In [1]:

import sys
import pandas as pd
import numpy as np

print(f"python version {sys.version_info.major}.{sys.version_info.minor}.{sys.version_info.micro}")
print(f"pandas version {pd.__version__}")
print(f"numpy version {np.__version__}")

python version 3.10.11
pandas version 1.5.2
numpy version 1.23.5

The default data type for strings in Pandas DataFrames is the object type. However, pandas' documentation recommendeds explicitly using the StringDtype for storing strings as it's more efficient and allows for more specific string operations.

pd.StringDtype() is a dedicated data type for storing strings. It is an It allows for more specific string operations. StringDtype is still considered experimental as of pandas 2.0.1.

pandas can utilize PyArrow with StringDtype by using pd.StringDtype(storage="pyarrow").

In [2]:

pd.StringDtype()

Out[2]:

string[python]

In [3]:

pd.StringDtype(storage="pyarrow")

Out[3]:

string[pyarrow]

object types are a more general data type that can store any type of data, including strings. However, object types are less efficient for storing strings, and they do not allow for specific string operations.

Despite StringDtype being recommended by the official Pandas documentation, distinguishing between StringDType and object is rarely required. Having to specify a speicfic string data type feels like a nuisance. When does it actually matter?

String

Pandas string types¶

There are three string data types available in pandas (as of version 2.0.0).

1. `object`¶

This is the default data type for strings.

In [4]:

s_object = pd.Series(['hello', 'world'])
display(s_object)

0    hello
1    world
dtype: object

In [5]:

print(s_object.dtype)

object

2. `StringDtype`¶

This is an extension data type for string data and was introduced in pandas 1.0.

In [6]:

s_string = pd.Series(['hello', 'world'], dtype=pd.StringDtype())
display(s_string)

0    hello
1    world
dtype: string

In [7]:

print(s_string.dtype)

string

"string" is an alias for pd.StringDtype().

In [8]:

s_string2 = pd.Series(['hello', 'world'], dtype=pd.StringDtype())
display(s_string2)

0    hello
1    world
dtype: string

3. `StringDtype` (PyArrow)¶

This is another extension data type for string data. It uses a columnar memory format.

In [9]:

s_string_pyarrow = pd.Series(['hello', 'world'], dtype=pd.StringDtype("pyarrow"))
display(s_string_pyarrow)

0    hello
1    world
dtype: string

In [10]:

print(s_string_pyarrow.dtype)

string

"string[pyarrow]" is an alias for pd.StringDtype("pyarrow").

In [11]:

s_string_pyarrow2 = pd.Series(['hello', 'world'], dtype="string[pyarrow]")
display(s_string_pyarrow2)

0    hello
1    world
dtype: string

Q: Why does `pandas` use the `object` data type for strings?¶

pandas is built on top of numpy. numpy uses a fixed-width string data type, similar to how C uses a char array to represent a string. Using numpy's fixed-width string representation would not bode well with data analysis. pandas uses Python's native string data type as a workaround.
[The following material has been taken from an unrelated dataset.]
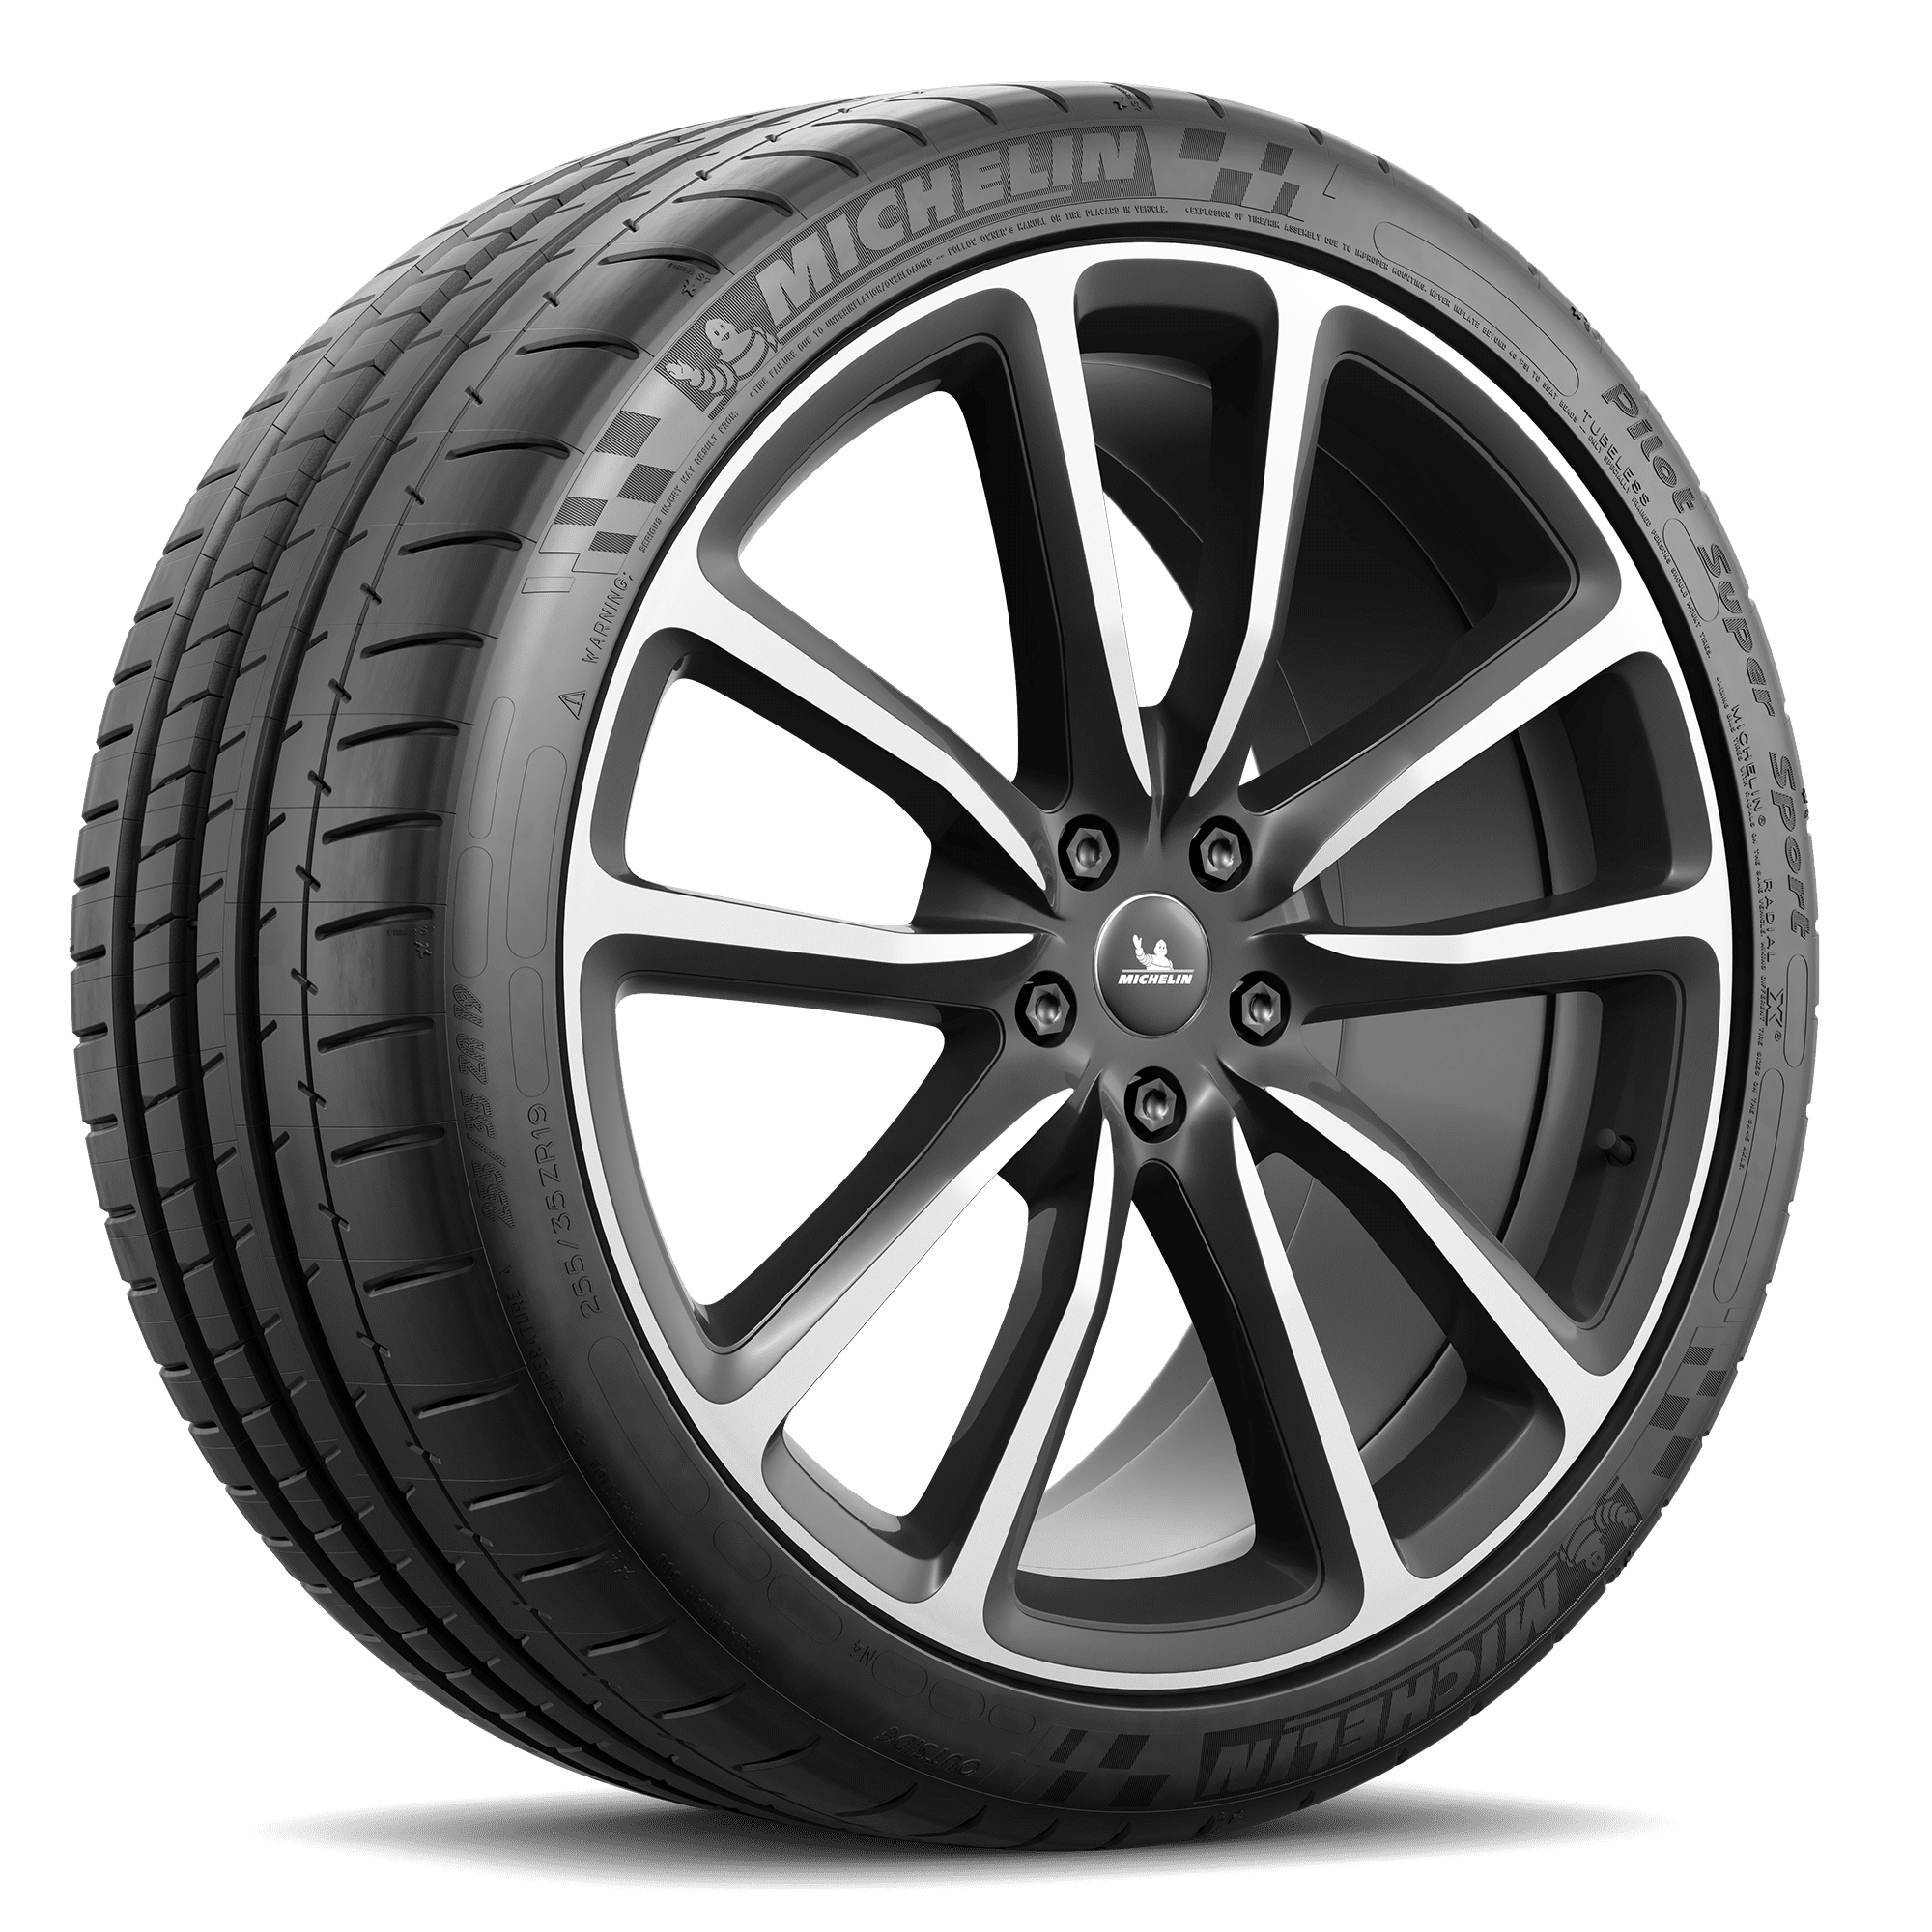 Michelin Pilot Super Sport Summer 255/40ZR18 (95Y) Tire

2023-05-26 04_46_59-analytics-master-slides - Google Slides

NumPy's byte-sized `char` representation¶

arr_s6 array is a numpy array of strings with a maximum length of 5. The zero-terminated byte is not included in the character count.

In [12]:

arr_s5 = np.array(['hello', 'world'], dtype='|S5')
arr_s5

Out[12]:

array([b'hello', b'world'], dtype='|S5')

Attempting to assign a string that exceeds the maximum length will result in truncated elements.

In [13]:

arr_s5[1] = 'a whole new world'
arr_s5[1]

Out[13]:

b'a who'

Using variable-width strings in NumPy¶

To use a variable-width string data type, use the object type. NumPy will use the native Python string data type.

In [14]:

arr_obj = np.array(['hello', 'world'], dtype=object)
arr_obj

Out[14]:

array(['hello', 'world'], dtype=object)

Attempting to assign a string that exceeds the maximum length will work without an issue.

In [15]:

arr_obj[1] = 'a whole new world'
arr_obj[1]

Out[15]:

'a whole new world'

Question: Why does pandas use the object data type for strings?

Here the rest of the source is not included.